封骋说话间,语气特意加重,似乎不单单只是说给面前的夏晟听的。
“这三年你身边那么多莺莺燕燕,那些花边新闻也没少占据头条热搜,现在又在这里对一个年纪一把还行动不便的糟老头表露深情,谁会相信那是你的真心实意?你如果真的对他那么珍惜喜爱,又怎么会在三年前那么果断坚决的将他扳倒?还一次次的把他逼到绝境,那时可狠心决绝的半点都不留情面呢……”
夏晟被封骋说的脸色也变了,三年前的背叛无疑是他和阮霄之间难以横跨的沟壑,而眼前这个男人却在这个时候刻意提起,似乎在故意提醒着什么。
夏晟俊逸的脸上充满愤怒,咬着牙狠狠的回怼道,“那你又好的到哪去,当年的事你也没少出力,口口声声说一切都为了阮锦,回头就拉着人家的舅舅上了床,你在床上的时候有想过阮锦吗?有想过被迫分化成Omega被当成供体受尽苦痛却还要被你诋毁挖苦的那个人有多委屈吗?”
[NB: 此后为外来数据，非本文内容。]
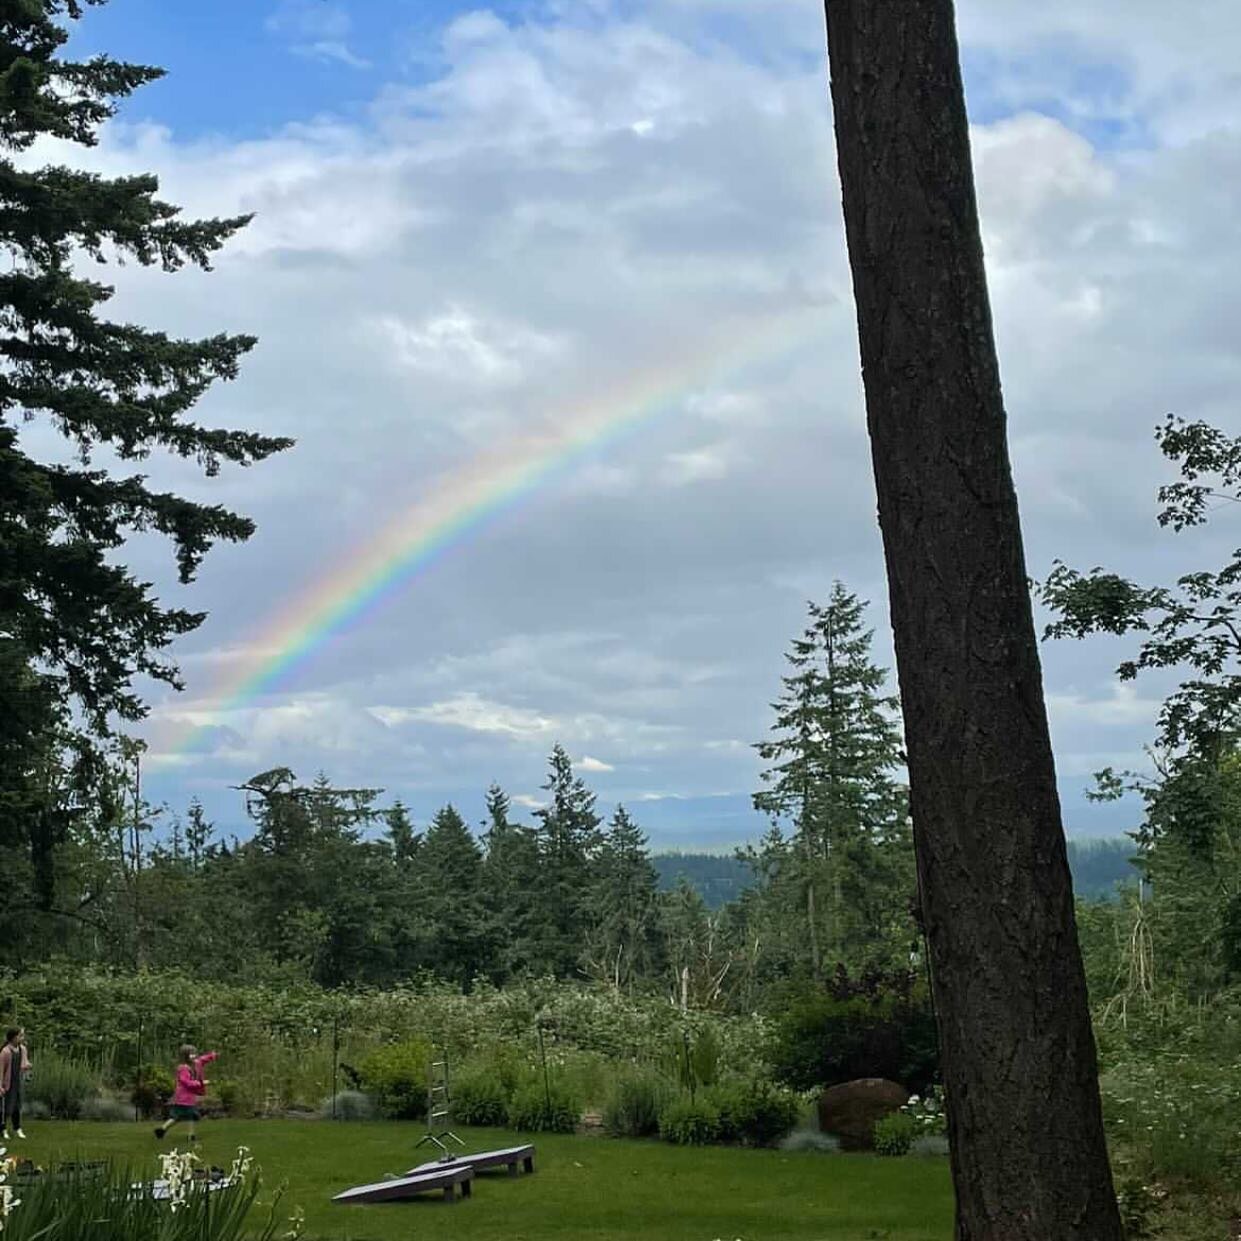 You don&rsquo;t need clear skies to get a good view at the winery. @missmi123 caught this rainbow yesterday. We have space still this weekend if you&rsquo;d like to join us.

封骋目光阴沉,指着床上的阮霄道,对着夏晟笑的玩味挑衅,“你觉得我这么对他很委屈?可你不知道他趁我失忆的时候可是在一直冒充我爱的人,以那样的身份和我整整同居了半年多的时间,在那简陋的平房里不知道被我反反复复睡了多少次,幸亏他当时是Alpha,不然那种频率到现在指不定孩子都生出来了……”
没想到惊讶又愤怒的夏晟还没来得及做出反应,一直以来安静的坐在床上冷漠麻木的阮霄却突然暴起。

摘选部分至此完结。